Collected data:
- - - - -
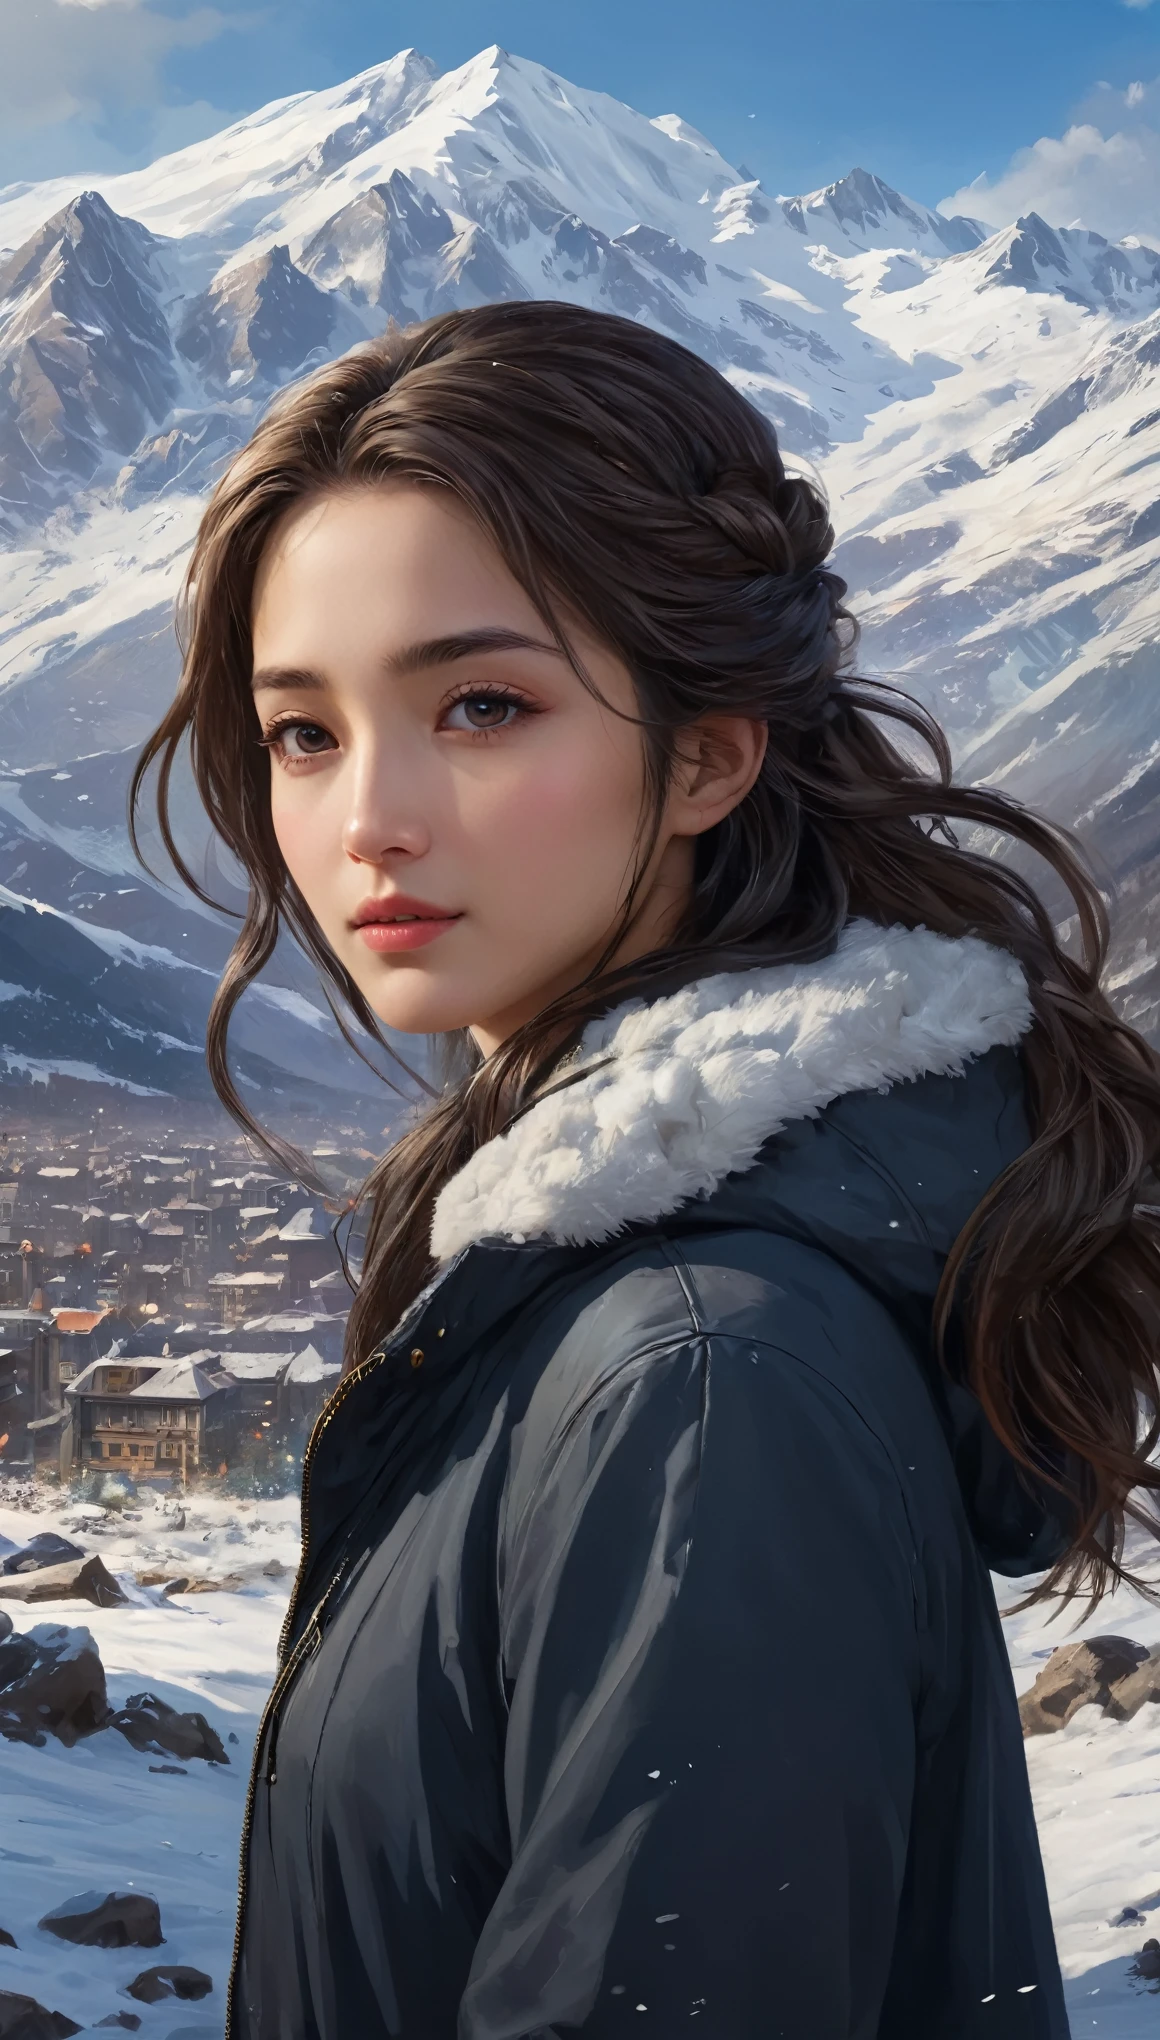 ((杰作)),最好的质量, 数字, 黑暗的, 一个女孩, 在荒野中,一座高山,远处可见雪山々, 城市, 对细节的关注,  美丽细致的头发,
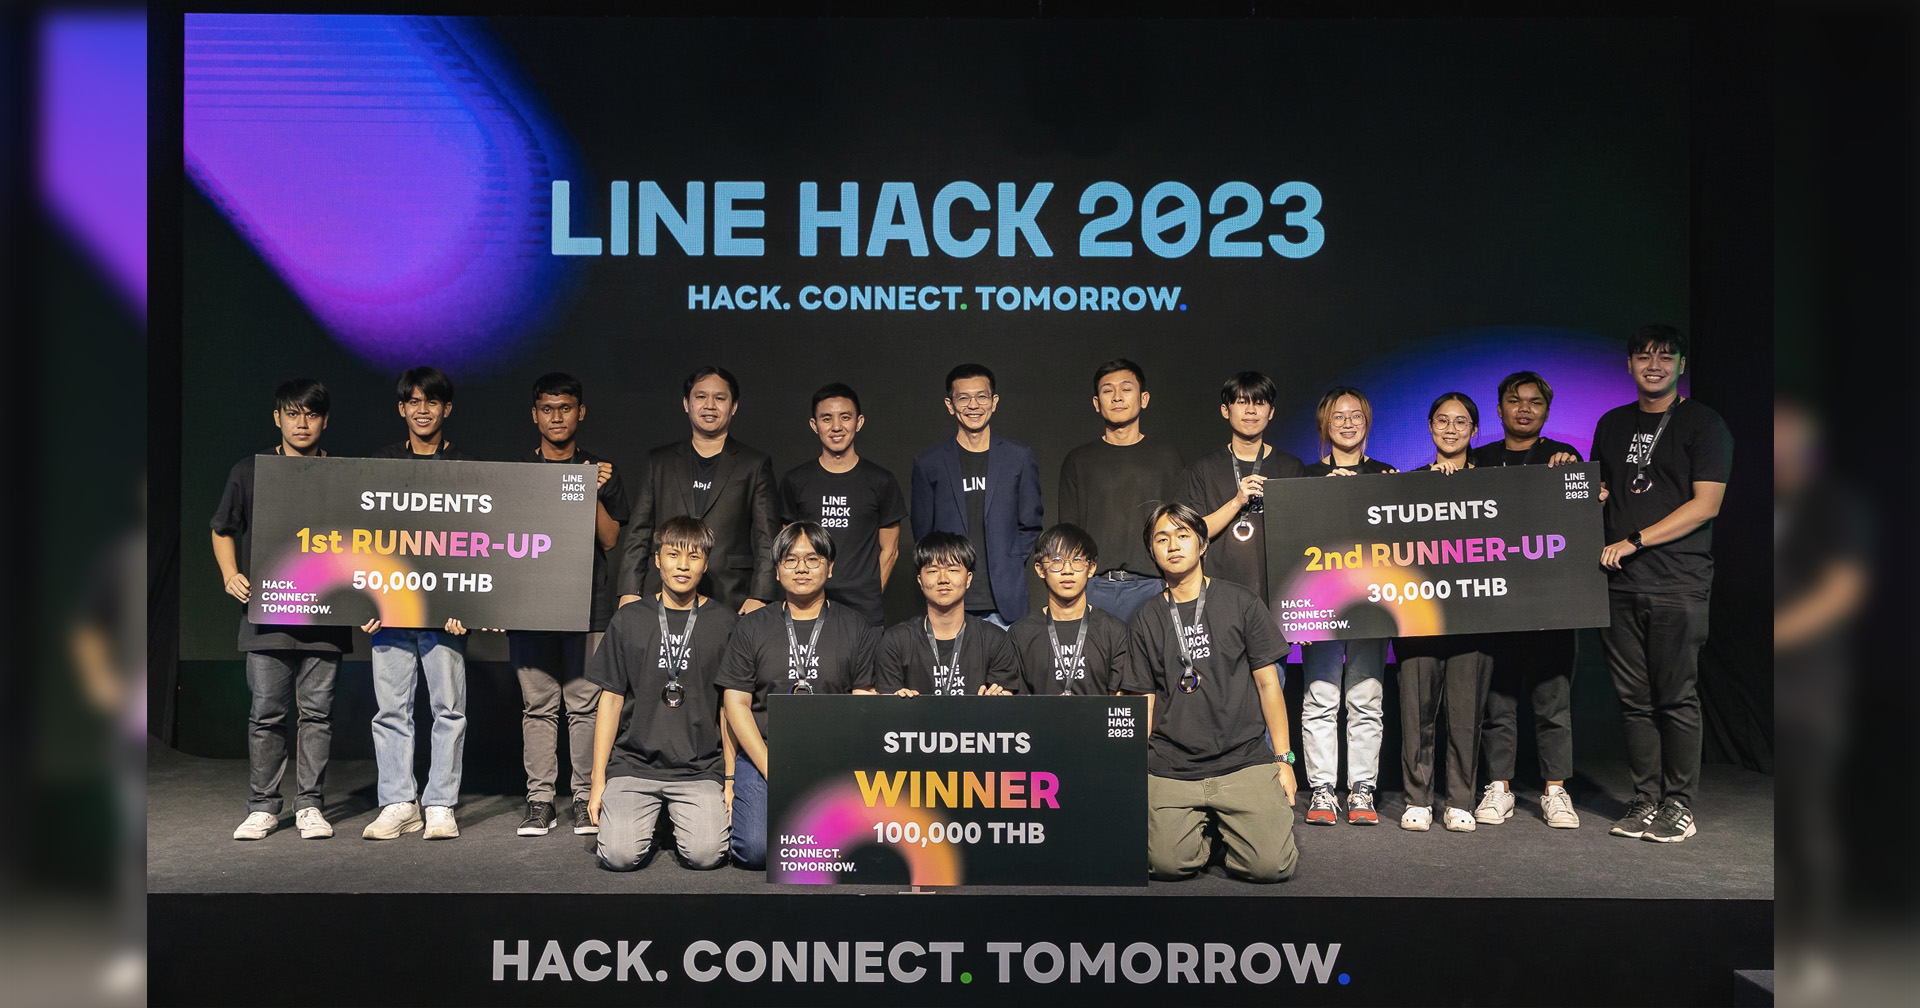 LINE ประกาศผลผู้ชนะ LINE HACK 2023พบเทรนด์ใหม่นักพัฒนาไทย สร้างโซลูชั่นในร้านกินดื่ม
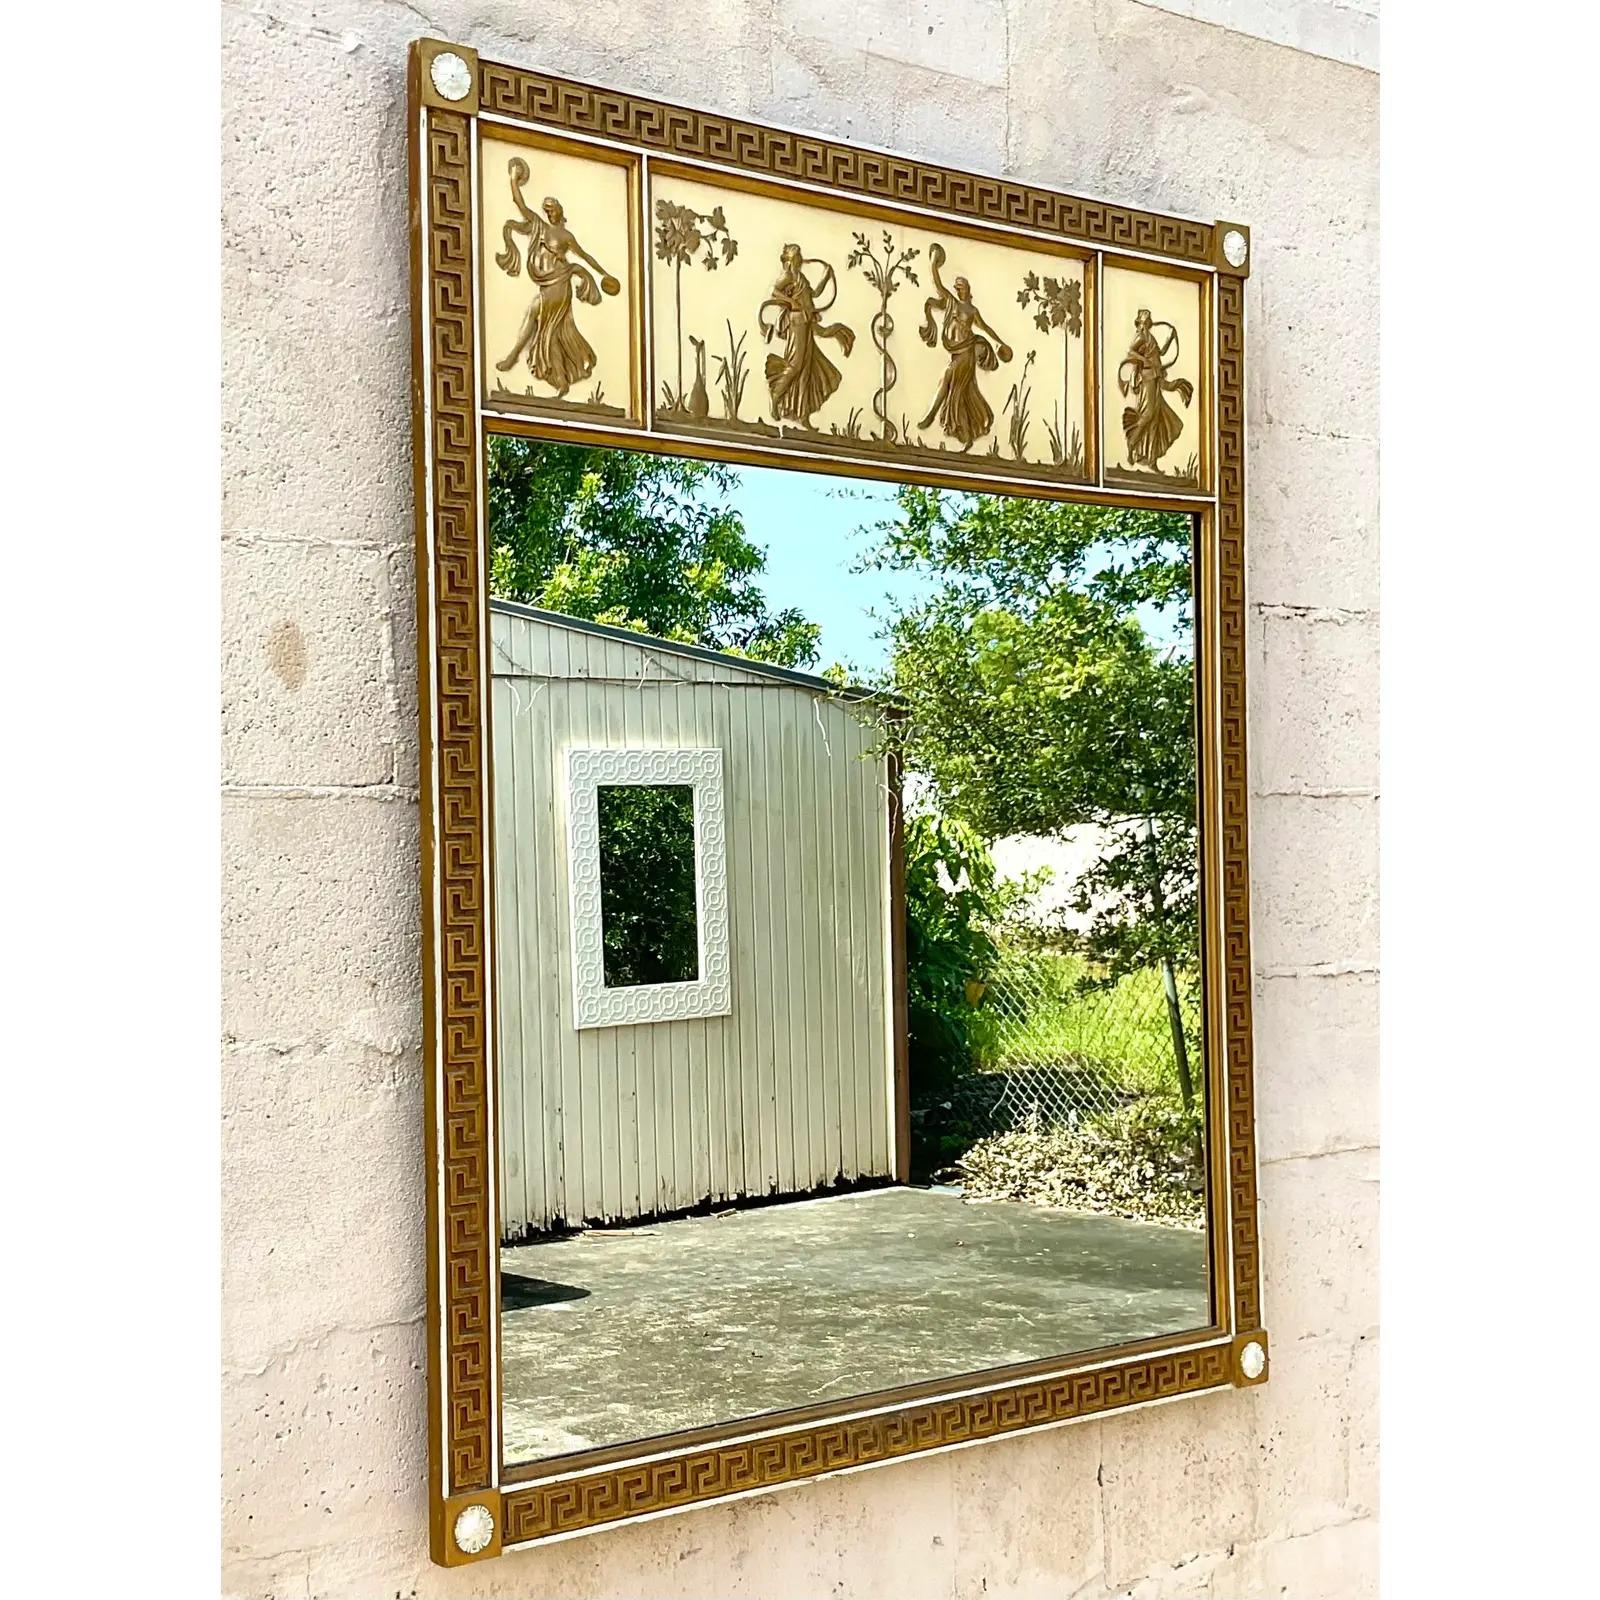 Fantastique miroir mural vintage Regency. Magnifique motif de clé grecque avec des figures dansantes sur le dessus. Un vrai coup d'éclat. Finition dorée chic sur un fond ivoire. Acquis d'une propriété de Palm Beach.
- - - - -
Please repeat the lines that run from the one holding "LINE ประกาศผลผู้ชนะ LINE" to the last line of the material, both included, exactly and without pictures.

 LINE ประกาศผลผู้ชนะ LINE HACK 2023พบเทรนด์ใหม่นักพัฒนาไทย สร้างโซลูชั่นในร้านกินดื่ม
 Fantastique miroir mural vintage Regency. Magnifique motif de clé grecque avec des figures dansantes sur le dessus. Un vrai coup d'éclat. Finition dorée chic sur un fond ivoire. Acquis d'une propriété de Palm Beach.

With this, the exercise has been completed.